Verify that eRDMA is used by NCCL.
You can check the communication type and the number of network interfaces used by NCCL in the application logs. Example:
The command output indicates that the erdma_0 and erdma_1 eRDMA devices is accelerated.

Scenario 2: Use SMC-R to accelerate application networking

When you install ACK eRDMA Controller based on Step 1: Install ACK eRDMA Controller, set the preferDriver parameter to default to accelerate regular communication.

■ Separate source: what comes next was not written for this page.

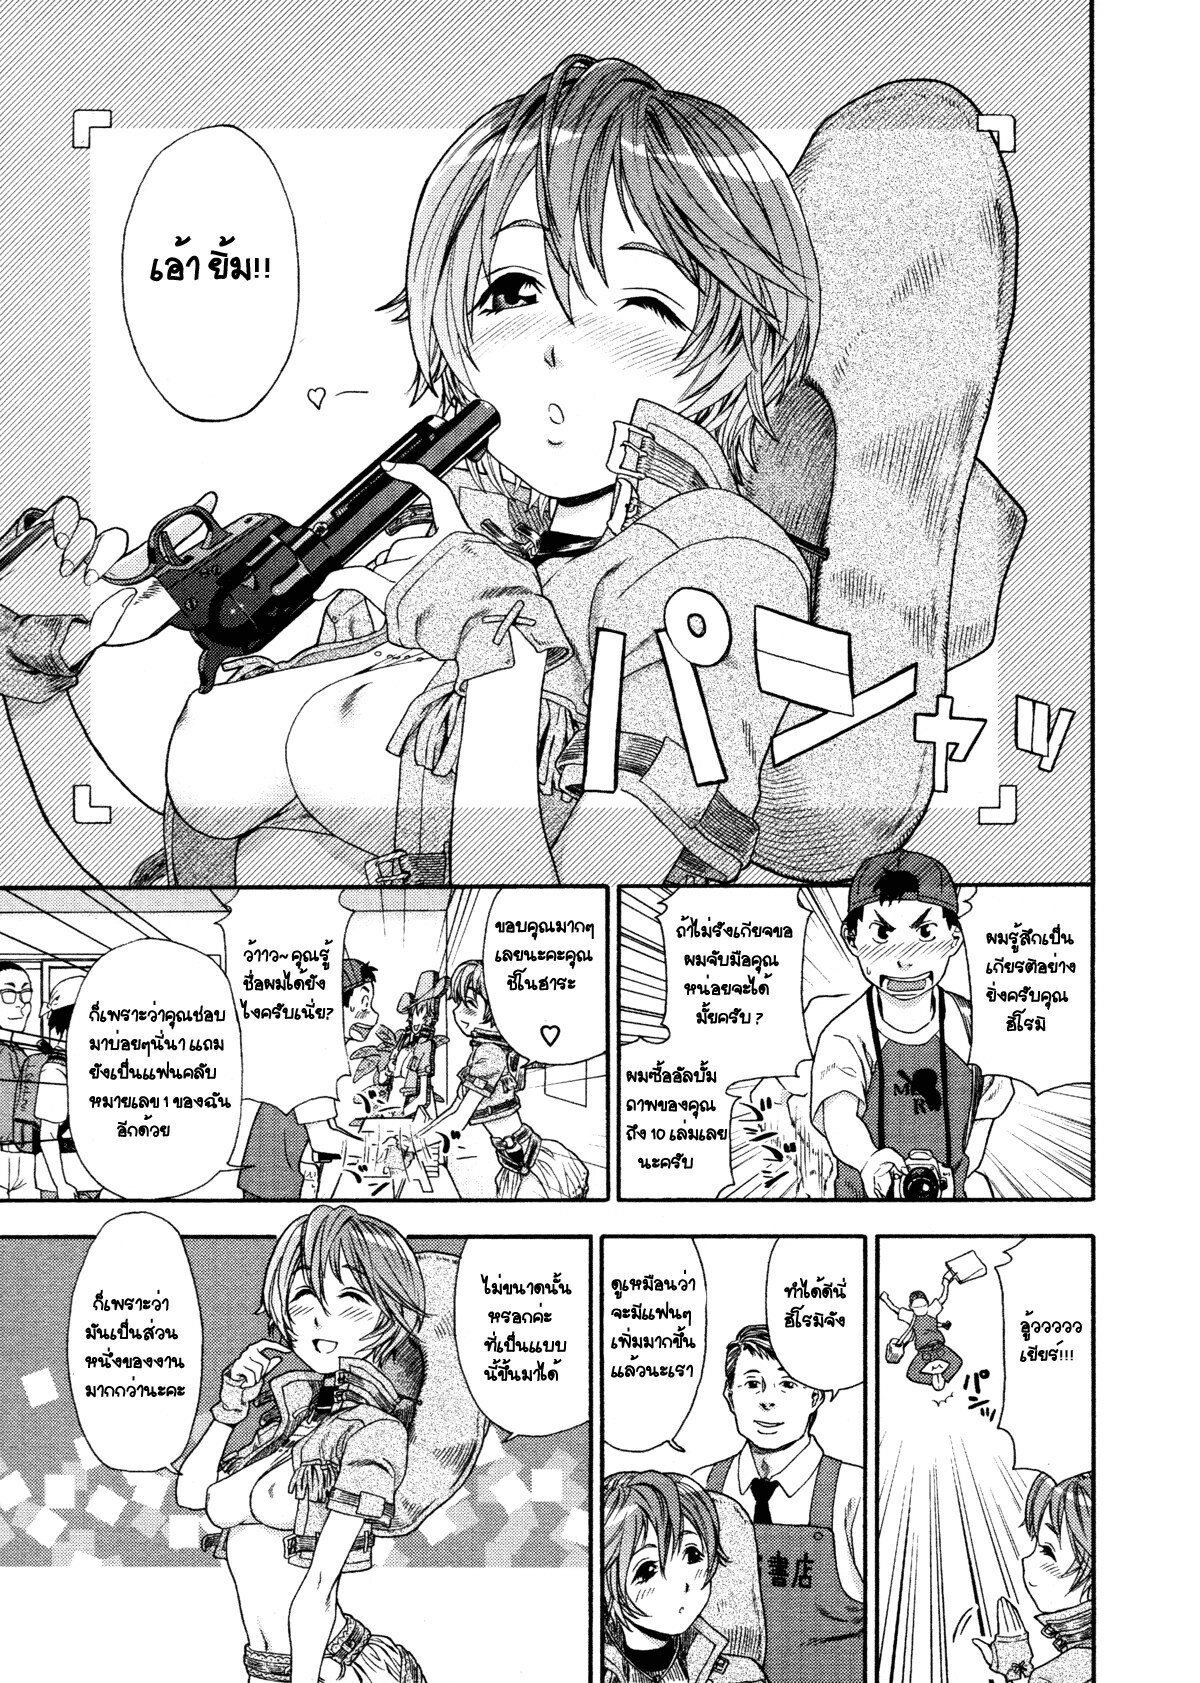 [Yamatogawa] COW GIRL =Aqua Bless chapter3= [Thai] page 1 full
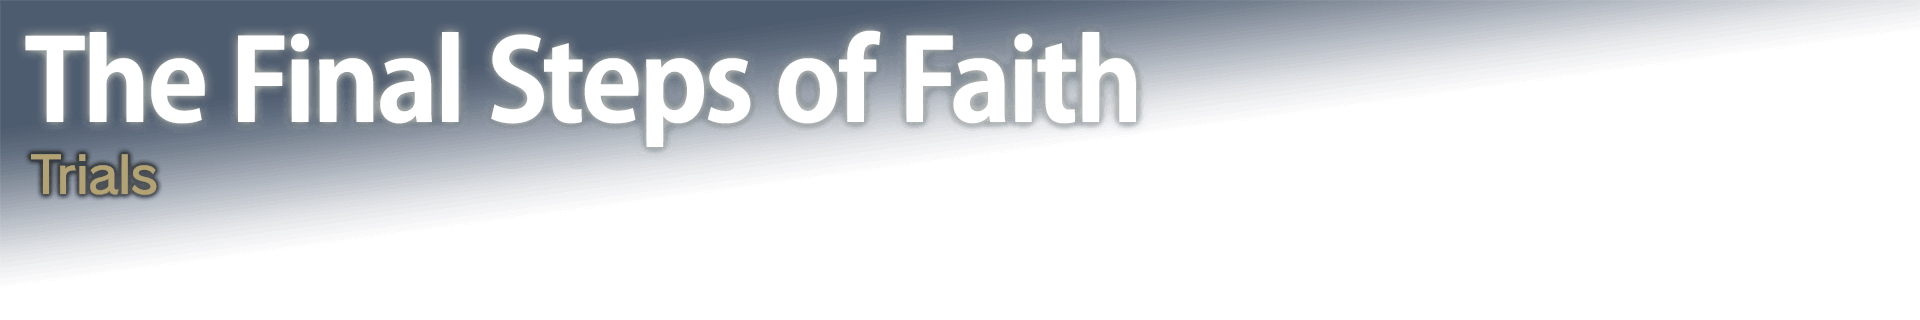 The Final Steps of Faith

Create an application that can be accelerated by using SMC-R in a cluster based on the following sample code:

View the sample template of applications that use SMC-R

apiVersion: apps/v1
kind: Deployment
metadata:
  labels:
    app: app-with-erdma
  name: app-with-erdma
spec:
  replicas: 2
  selector:
    matchLabels:
      app: app-with-erdma
  template:
    metadata:
      labels:
        app: app-with-erdma
      annotations:
        network.alibabacloud.com/erdma-smcr: "true"
    spec:
      containers:
      - image: <application image>
        imagePullPolicy: Always
        name: app-with-erdma
        resources:
          limits:
            aliyun/erdma: 1

Check the status of network connections in the pod.
You can install smc-tools in a container and run the smcss command to view the acceleration results.
```
/# smcss
State          UID   Inode   Local Address           Peer Address            Intf Mode 
ACTIVE         00000 0059964 172.17.192.73:47772     172.17.192.10:80        0000 SMCR
```
In the command output, SMCR is displayed in the Mode column, which indicates that eRDMA is used by the connection.